The sequences of FKS1 HS1, HS2, and HS3 regions of all isolates were analyzed next. FKS1 mutations were found in 10% of micafungin-treated mice and 20% of caspofungin-treated mice. Two isolates harboring FKS1 mutation (S639Y and R1354H) were identified from 20 strains across micafungin-treated mice; four isolates harboring S639F, D642Y, R1354Y, or R1354H were identified from 20 strains in caspofungin-treated mice (Table 1). No isolate with mutation in FKS1 HS3 was observed. All micafungin- or anidulafungin-resistant isolates harbored mutations in FKS1 HS1 or HS2, whereas 45% of caspofungin-resistant isolates had no mutation. The FKS1 sequences of all non-wild-type strains were deposited to the DDBJ with the accession numbers shown in Table 1.
All statistical analyses were carried out using Prism software, version 9.0.2 (GraphPad Software, Inc., La Jolla, CA). The survival curves were compared using log-rank tests (Mantel-Cox). The fungal burden in the organs was analyzed using Mann–Whitney U test.
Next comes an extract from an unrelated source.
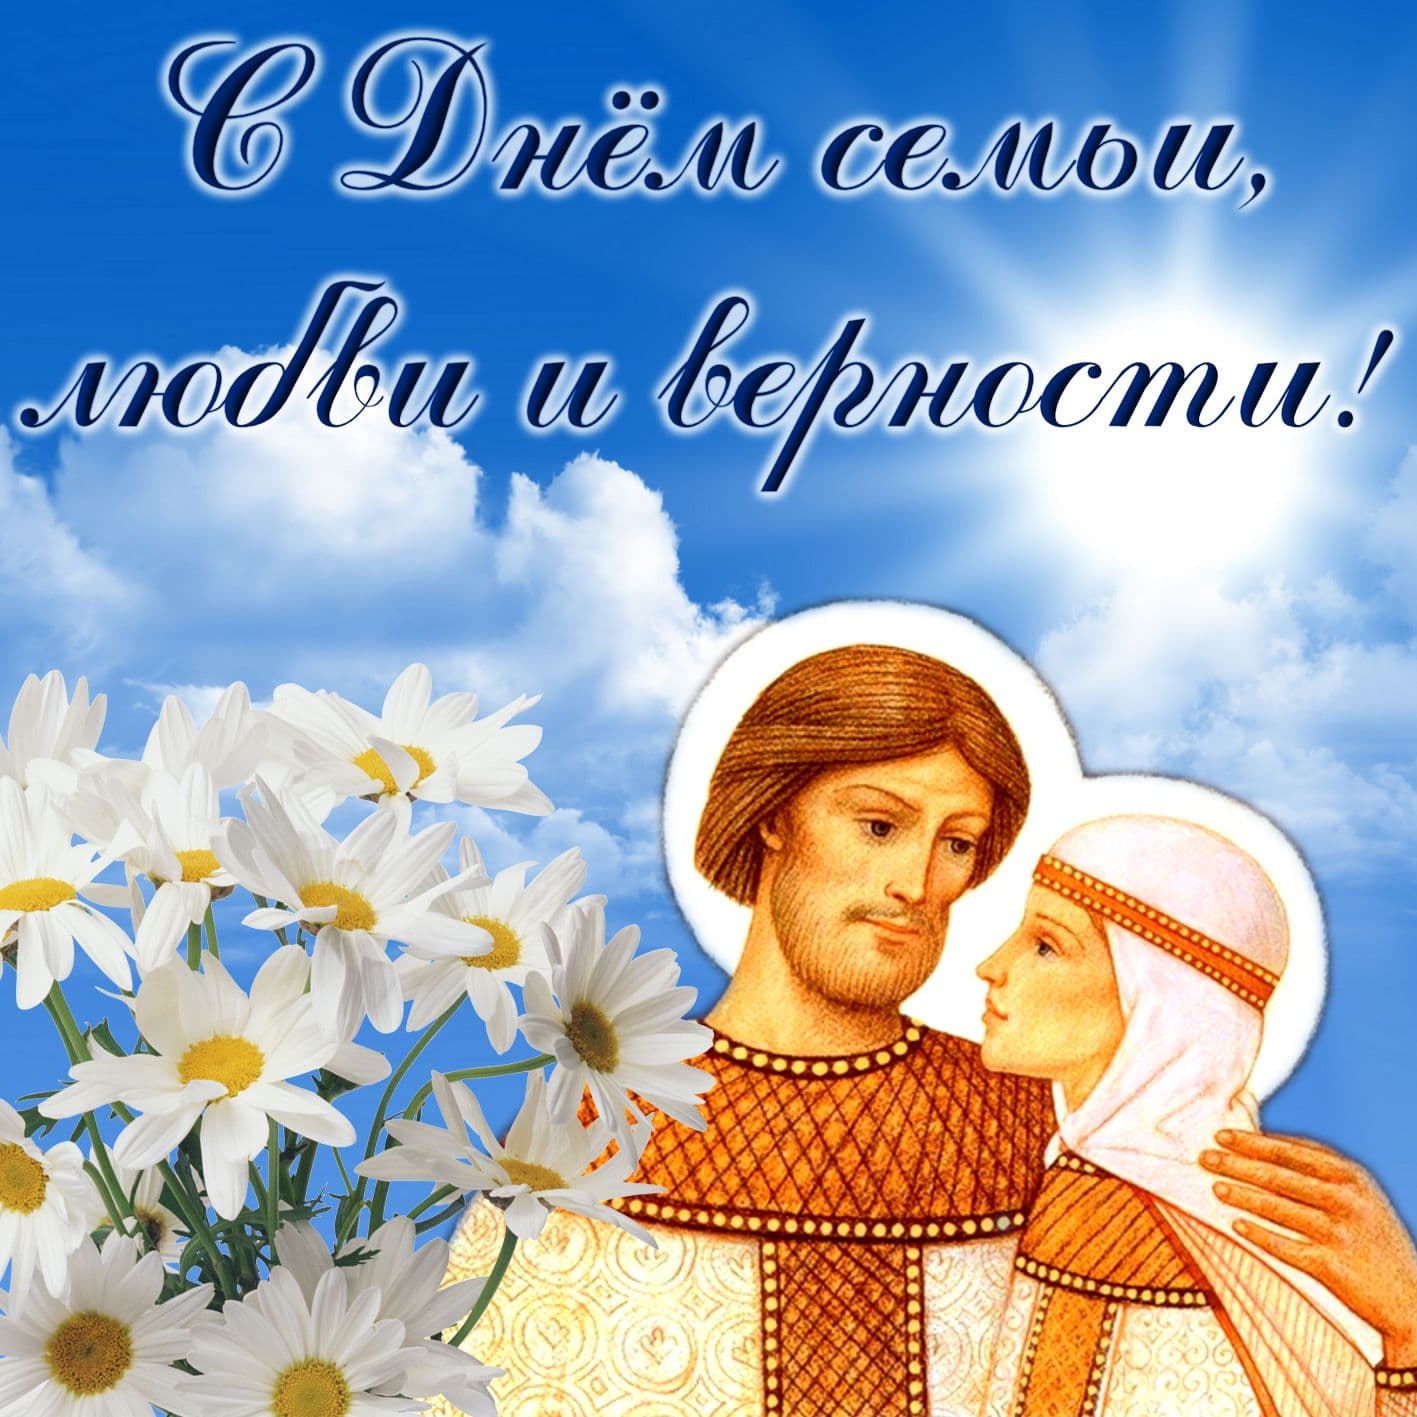 Православная открытка с днем семьи, любви и верности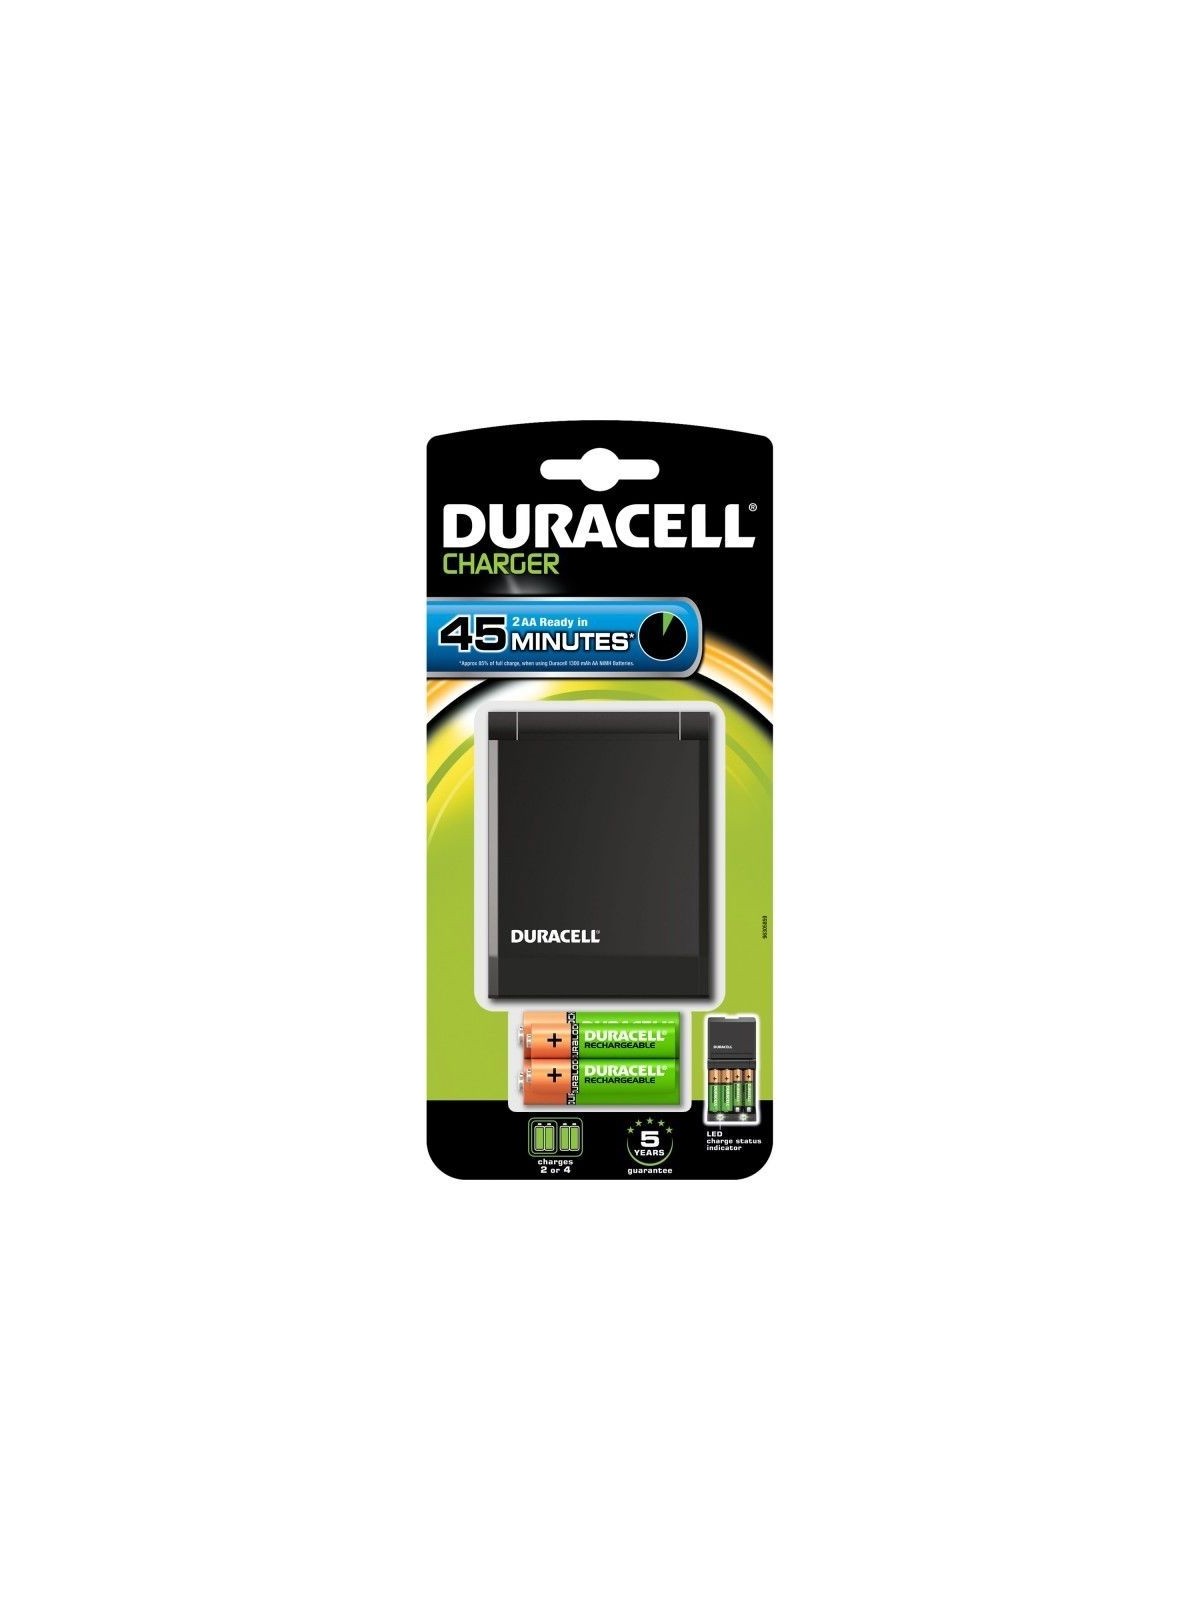 Duracell Cargador Rápido 45Min & 2 uds AA & 2 uds AAA - Comprar Pilas y baterías Duracell - Pilas & baterías (1)

A P value < 0.05 was considered statistically significant.
To examine in vivo echinocandin susceptibility, survival curves of mice infected with wild-type and mutant strains evolved in vivo in the above-described experiment were evaluated. The mice were infected intravenously with C. auris NCPF 8971 (wild type) and four isolates, each harboring S639Y, D642Y, R1354Y, and R1354H, and subsequently treated with micafungin or caspofungin (n = 5/group). Specific pathogen-free, 7-week-old female BALB/c mice (Japan SLC Inc., Shizuoka, Japan) were administered 150 and 100 mg/kg cyclophosphamide 4 and 1 day before infection, respectively, and 100 mg/kg 2 and 5 days postinfection. They were infected intravenously through the lateral vein with 0.2 mL of Candida cell suspension adjusted to 3.5 × 105 cells/mL. Micafungin (2.71 mg/kg) and caspofungin (0.76 mg/kg) were administered intraperitoneally for 7 consecutive days commencing 2 h postinfection. The survival rates were not significantly different between wild-type- and mutant strain-infected mice in the no-treatment group. However, the survival rates of the wild-type-infected mice suggested lower mortality than those of mice infected with all types of FKS1 mutants in micafungin or caspofungin treatment groups (P < 0.05) (Fig. 1).
FIG 1.
Survival analyses of mice infected with C. auris wild-type strain and FKS1 mutants. Immunocompromised mice were inoculated with C. auris NCPF 8971 (wild type [WT]) and isolates harboring FKS1 mutations. Micafungin (2.71 mg/kg) and caspofungin (0.76 mg/kg) were administered intraperitoneally for 7 consecutive days. The survival curves of FKS1 mutant infection were compared with those of FKS1 wild-type infection. The data were analyzed by log-rank (Mantel-Cox) test. Asterisks indicate statistically significant differences (*, P < 0.05). MFG, micafungin; CAS, caspofungin.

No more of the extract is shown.